Thursday, May 28, 2009

California Attorneys v. Schwarzenegger (Cal. Ct. App. - May 28, 2009)

I assume that the plaintiffs in this case are right, and that deputy attorneys general in California are significantly underpaid compared to other public service attorneys in California. But I am at the same time completely certain that Justice Raye is also correct that the Legislature, rather than the judiciary, is the proper place in which to seek relief for this unfortunate circumstance.

I'll might also add that I'm not especially persuaded by the statements of doom and gloom for the quality of the counsel employed in the California Attorney General's office. My experience has been that those attorneys are generally pretty darn good. And I am quite confident that the compensation for those levels has not resulted -- contrary to plaintiffs' testimony -- in the AG's Office becoming "the employer of last resort" filled by people unable to find any job elsewhere. Indeed, I think there are tons of lawyers who would much prefer the California AG's office over the jobs they have, particularly young attorneys, but who are passed over. This is especially the case for recent law school graduates, who the AG's office largely categorically refuses to hire.

One (admittedly partial) solution to the crisis that Attorney General Brown identifies might be for the AG's office to revisit this detrimental policy. It's true that it's hard to hire people when you only hire people who are currently employed at jobs that make $X a year -- and often have living and mortgage obligations accordingly -- when your offer is to pay them $X/2. It's easier to hire people, by contrast, who may have the ability to make $X but who nonetheless may be persuaded to prefer a more fulfilling life in the Attorney General's Office, as those hypothetical earnings are much easier to set aside than current earnings.

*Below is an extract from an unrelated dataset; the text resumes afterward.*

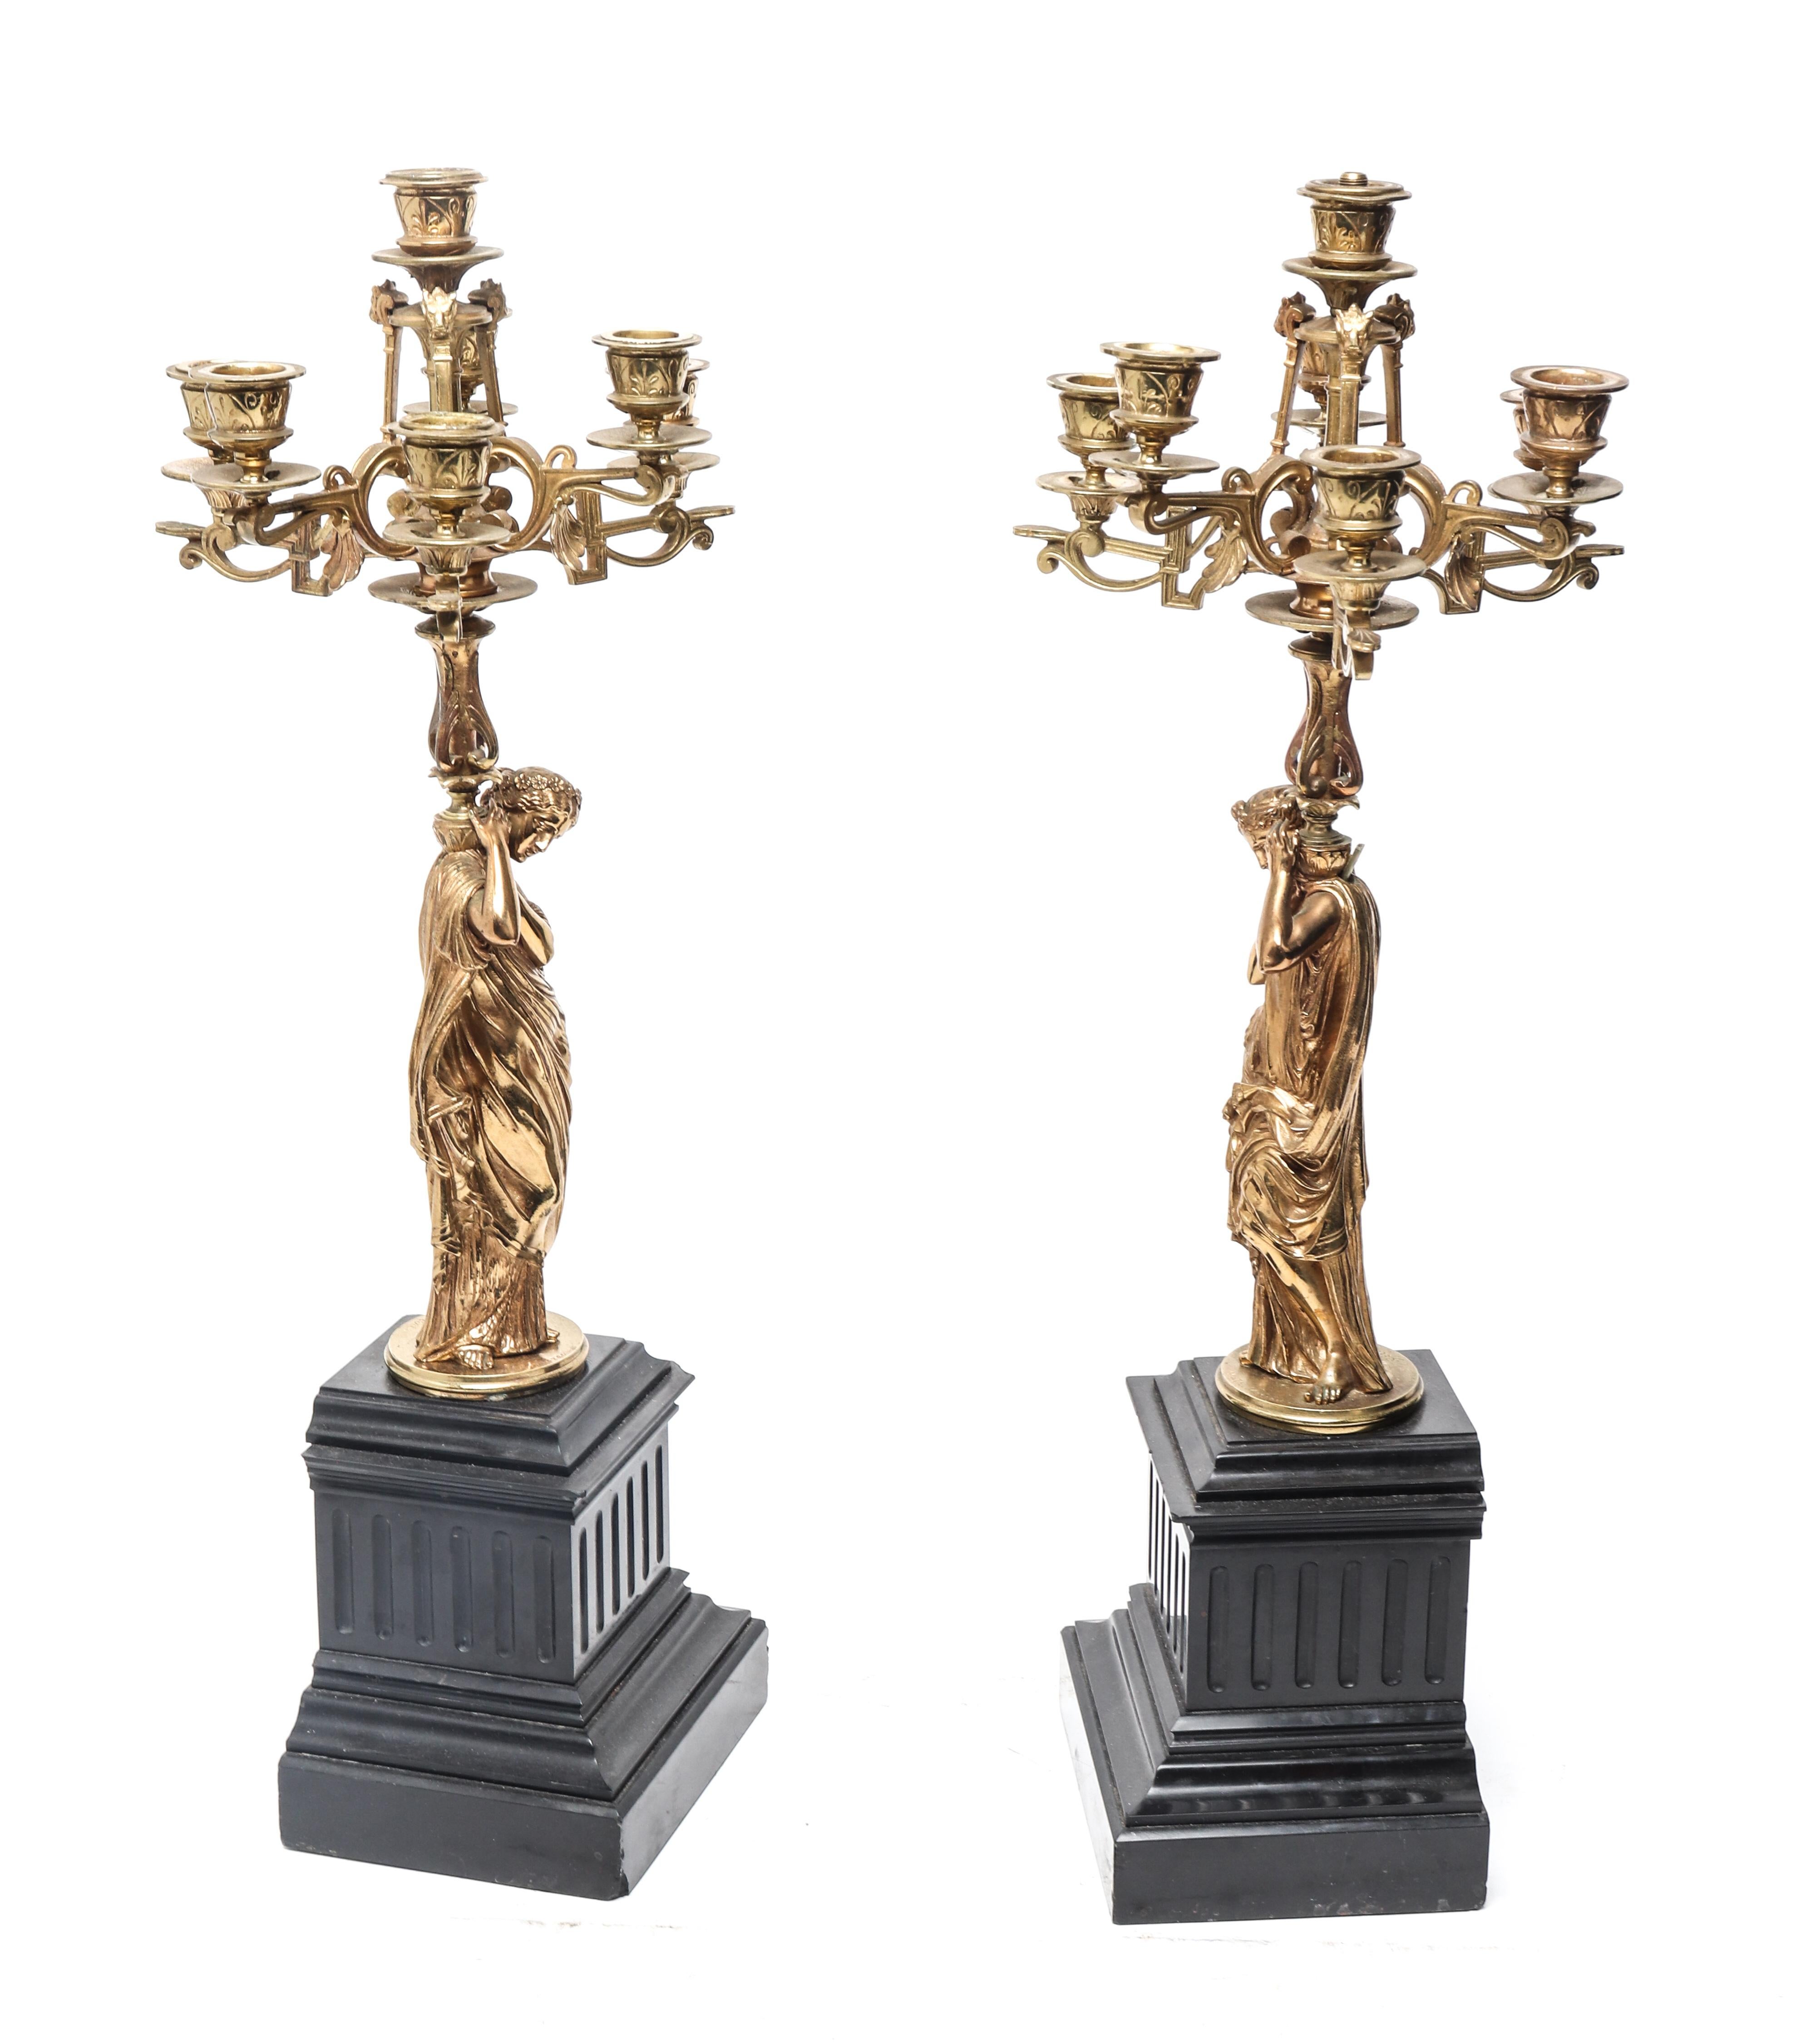 French neoclassical style pair of ormolu and stone figural seven-light candelabras, the ormolu figures after Mathurin Moreau. Made in the early 20th century and inscribed

So if you're willing to train from the inside, rather than making other employers do it for you, at the outset, at least some of this problem might be avoided. In any event, I'm sure that this is a problem to be solved outside the judicial system. I don't minimize the difficulties; again, I'm not pleased that many of the attorneys in this area are paid much less than either they're worth or that's received by comparable attorneys elesewhere. But I do think that the problem is both a wee bit overstated as well as potentially amenable to a solution in other fora.